=== ABOUT THIS TASK ===
Using the data below, output a verbatim copy of the lines between the one holding "4-częściowy komplet treningowy Nike" and the one holding "Bibi Пустышка силиконовая", inclusive, without any pictures.

=== EXERCISE DATA ===

Start of Block

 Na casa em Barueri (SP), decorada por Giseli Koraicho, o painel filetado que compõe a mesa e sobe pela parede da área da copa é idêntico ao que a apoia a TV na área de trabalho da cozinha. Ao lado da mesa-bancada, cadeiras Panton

End of Block
Start of Block

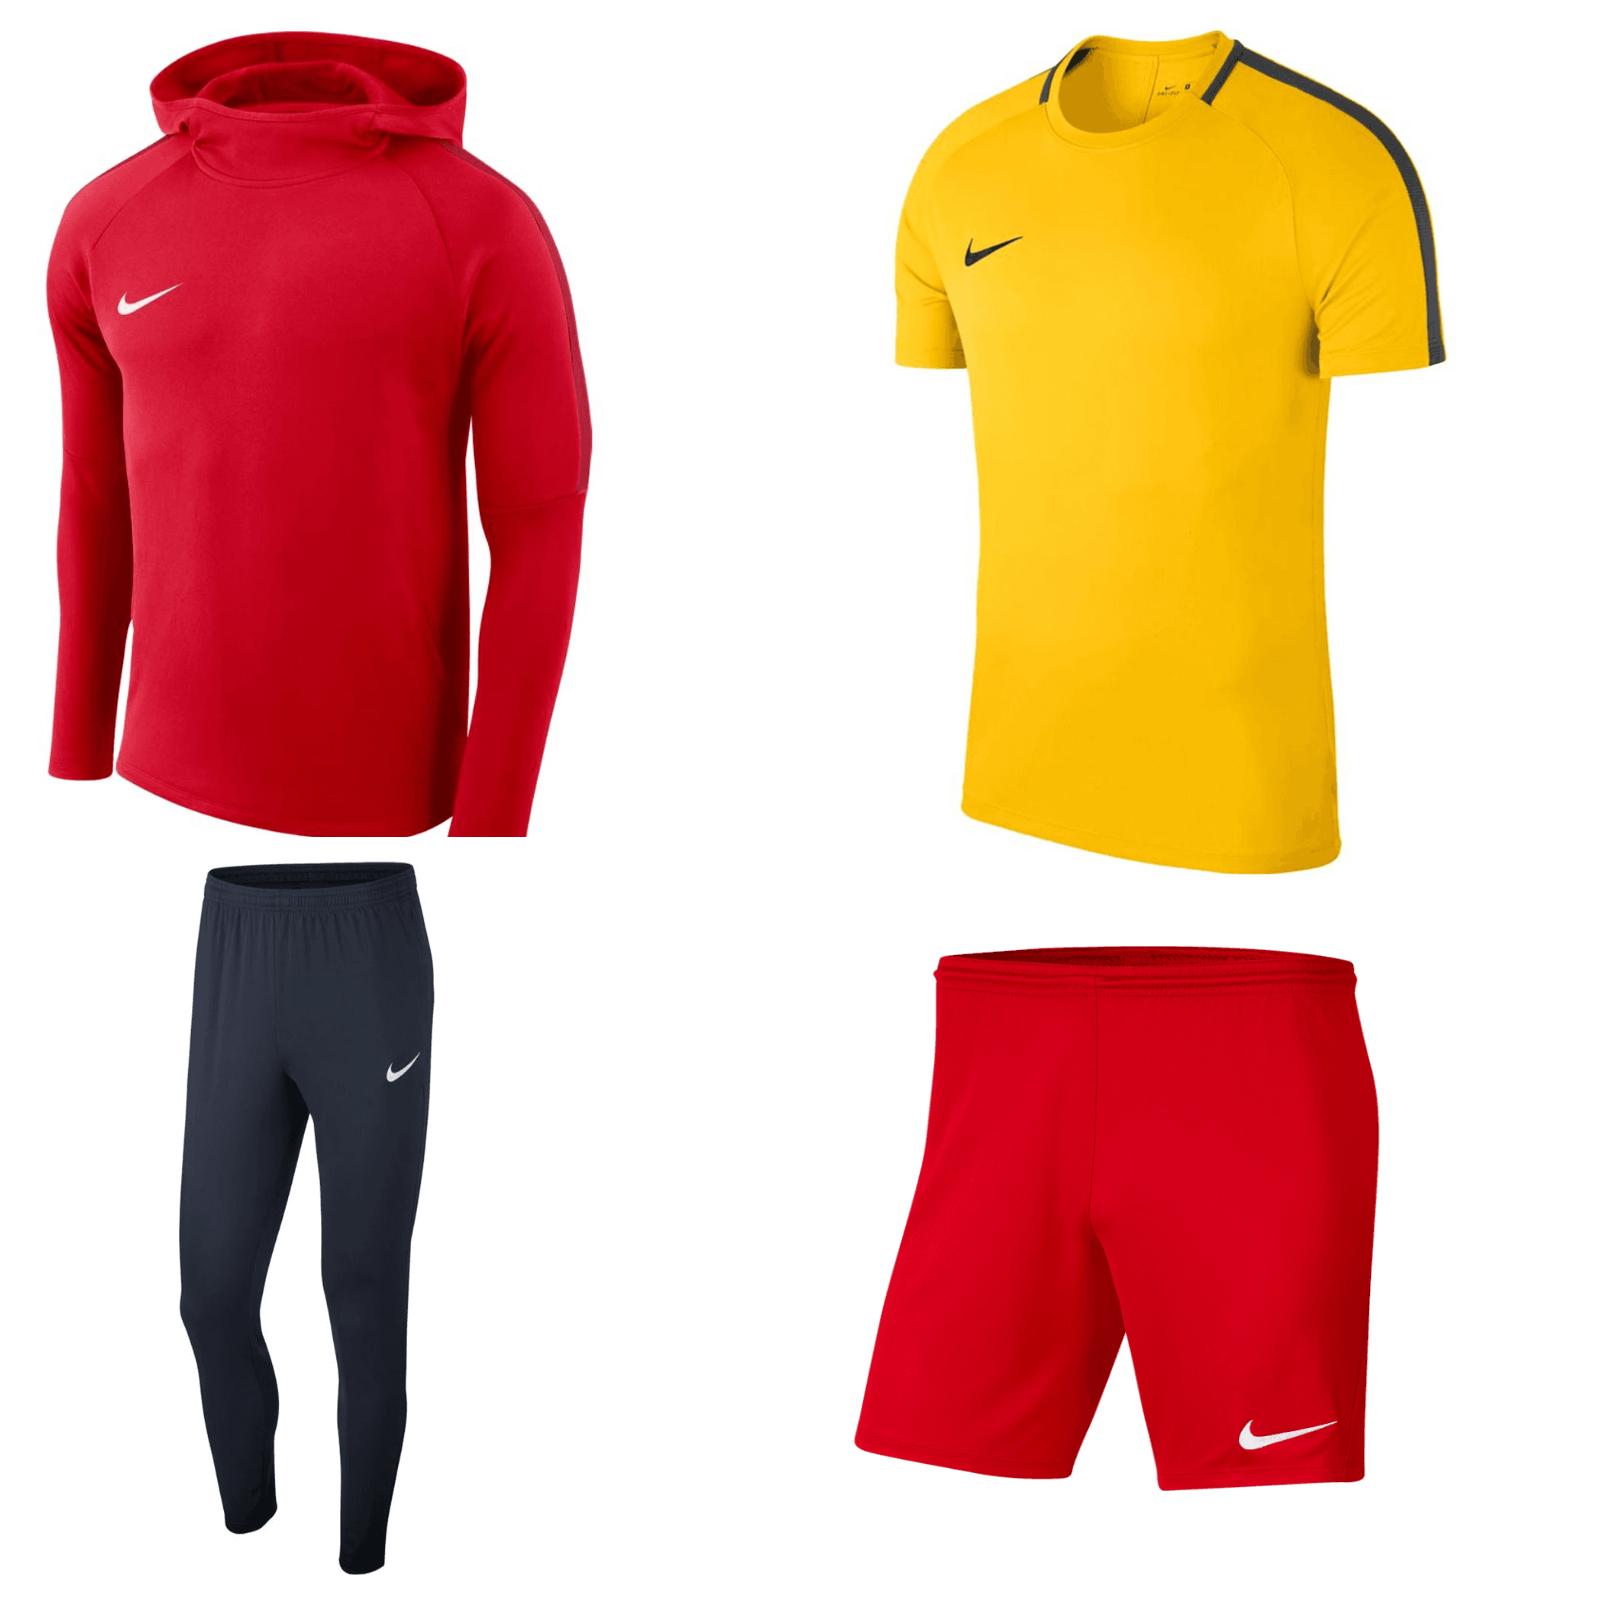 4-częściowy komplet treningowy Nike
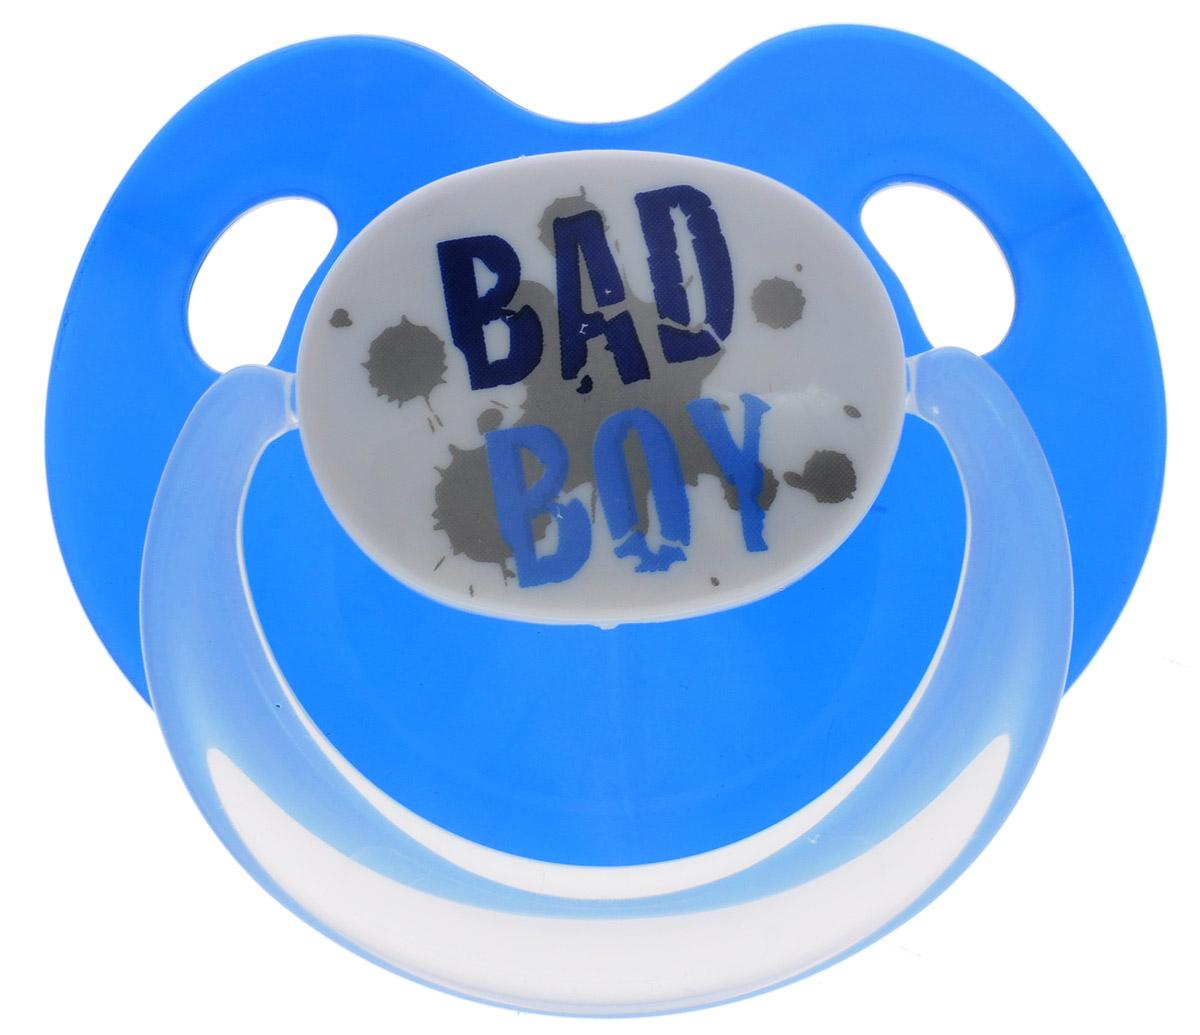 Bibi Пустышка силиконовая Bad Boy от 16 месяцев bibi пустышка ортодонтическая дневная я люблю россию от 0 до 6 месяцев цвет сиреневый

End of Block

=== PROBLEM SOLUTION ===
 4-częściowy komplet treningowy Nike
 Bibi Пустышка силиконовая Bad Boy от 16 месяцев bibi пустышка ортодонтическая дневная я люблю россию от 0 до 6 месяцев цвет сиреневый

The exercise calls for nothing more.